Смешанный квинтет — две женщины и трое мужчин — уже удалялся в глубь долины. Старшая женщина, похоже, была за командира. Я решил, что им вменялось устранить осложнения, о которых мне рассказывал Мак. Химинес заметил направление моего взгляда и подтвердил мои догадки.

— Когда начнется стрельба, они отвлекут огонь на себя, — пояснил он. — Правда, я не особенно-то на них надеюсь. В деревне сейчас по меньшей мере человек двести — так мне только что доложили. Кое-кому из них мы платим, конечно, но они не могут в открытую оказывать нам поддержку, иначе их помощь на том и кончится.

— Ну, надо же попытаться, — сказал я. — Хотя это цель второстепенная, а они — ваши люди. И насколько решительных действий вы от них ждете в сложившихся обстоятельствах — ваше дело. А наш главный объект у себя?

— Да. Мне сказали, что он ожидает гостей со стороны пороги ближе к полуночи. Будем надеяться, что они прибудут еще засветло и что он выйдет из своей хижины их поприветствовать.

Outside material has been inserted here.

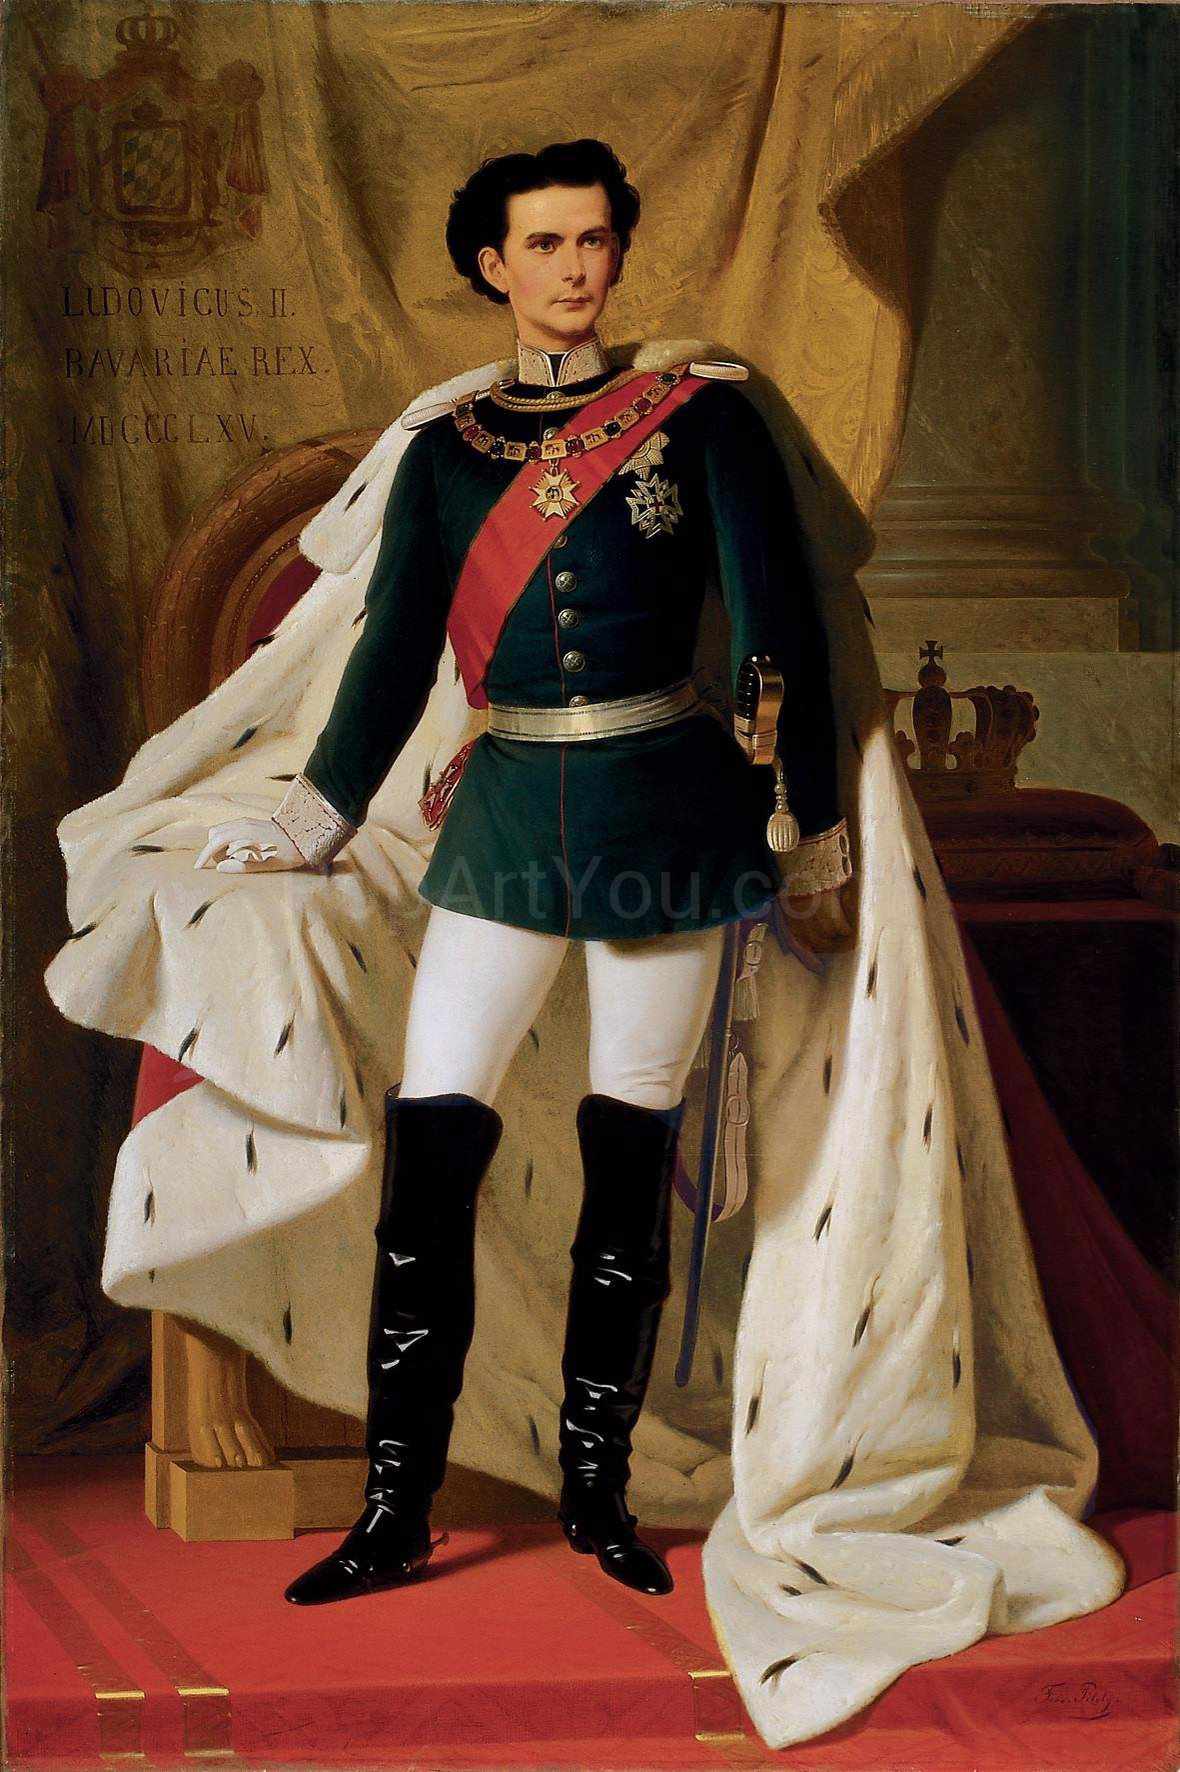 The portrait shows a man dressed in a historical Ferdinand von Piloty costume

Дверь в хижину обращена в нашу сторону — сами увидите, когда взберетесь вон туда, — и он указал на вершину хребта.

— Ясно, — я снял рюкзак со спины и вытащил оттуда десятикратный бинокль. — Вы не поможете мне, полковник? А то дайте человека, говорящего по-английски.

— Я лично буду помогать вам. Отчасти это было хорошо, отчасти — плохо.

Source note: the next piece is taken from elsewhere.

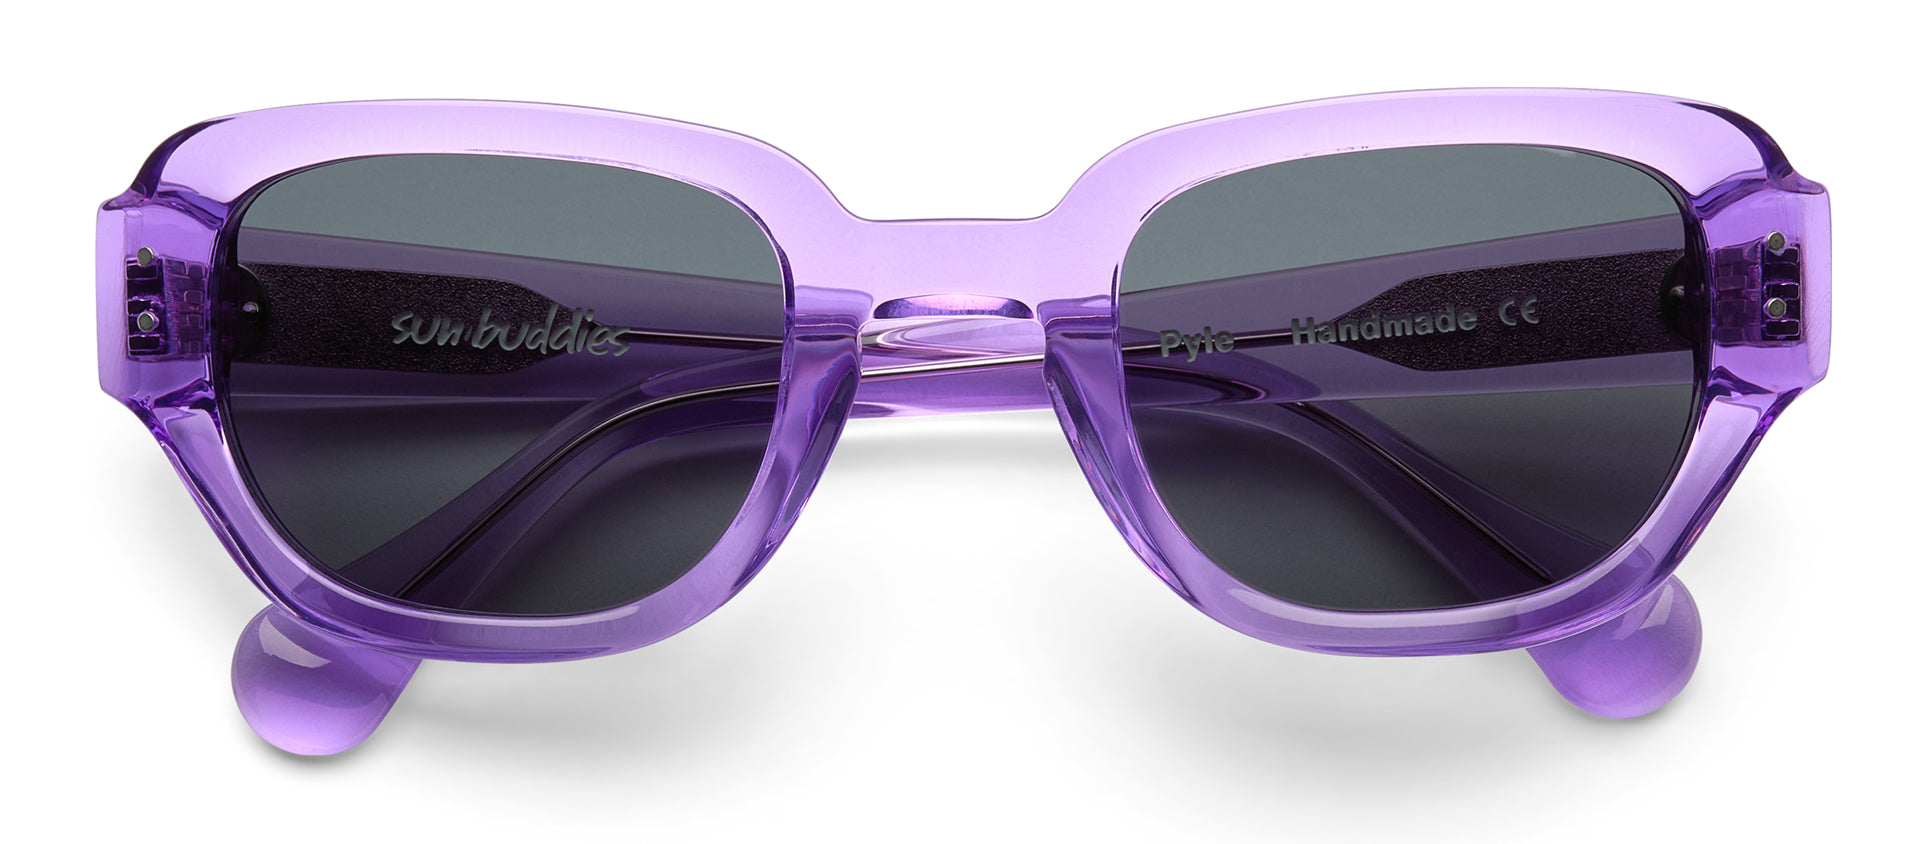 Sunglasses – Sun Buddies Eyewear

— Прошу сразу учесть, — добавил я, — что если я о чем-то вас попрошу или отдам какой-то приказ, не сочтите это за пренебрежение вашим чином.

Он криво улыбнулся. Это был мужчина средних лет с приятной внешностью. В юности он, должно быть, был довольно смазливым. Но я не позволил этой мысли определить мое к нему отношение. Дома я знавал немало смазливых юнцов, которые на поверку оказывались отъявленными негодяями, способными нанести смертельный удар из-за угла.

— Я это учту, — отозвался он.

— Тогда наденьте эти очки. Когда я буду стрелять, вам лучше наблюдать за нашей мишенью через них. Если я промахнусь, вы скажете, куда попала пуля, и я смогу скорректировать траекторию следующего выстрела.

— У нас не будет времени для нескольких выстрелов. Выражение его лица не изменилось, но я сразу понял, что ему не понравились мои разговоры о возможности промаха. Один американский агент до меня уже промахнулся.

— Ну, если будет время для одного, — возразил я, — то, значит, будет время и для второго. Если я промахнусь, посмотрите, где взметнулась пыль, и сообщите мне, на какое расстояние я взял мимо. В метрах или сантиметрах, как хотите. Направление выстрела сообщайте мне в часах. Двенадцать. Три. Шесть, девять, или в промежутках. Вы поняли?

— Si. Мне приходилось стрелять по мишеням, сеньор. Хотя и без особого успеха. Я все понимаю. Погодите.

Он встал и тихо заговорил с подошедшим человеком, который был, похоже, в чине сержанта, потом отправился к стоящей в стороне группе и стал им что-то говорить, показывая на хребет. Они тут же, рассыпавшись цепью, полезли вверх. Химинес вернулся и снова сел рядом со мной.

— Мы выдвинем их на огневой рубеж, где им надо будет окопаться, — пояснил он. — Они будут нас с вами прикрывать до тех пор, пока смогут удерживаться на позиции. Потом они отойдут в глубь материка, а мы спрячемся и проведем ночь в уже готовом для нас месте на вершине. Если все сложится удачно, за нашей группой вышлют погоню, но они сумеют запутать следы в темноте, и завтра мы беспрепятственно спустимся к побережью. По-моему, план неплохой. Но он, конечно, не осуществится.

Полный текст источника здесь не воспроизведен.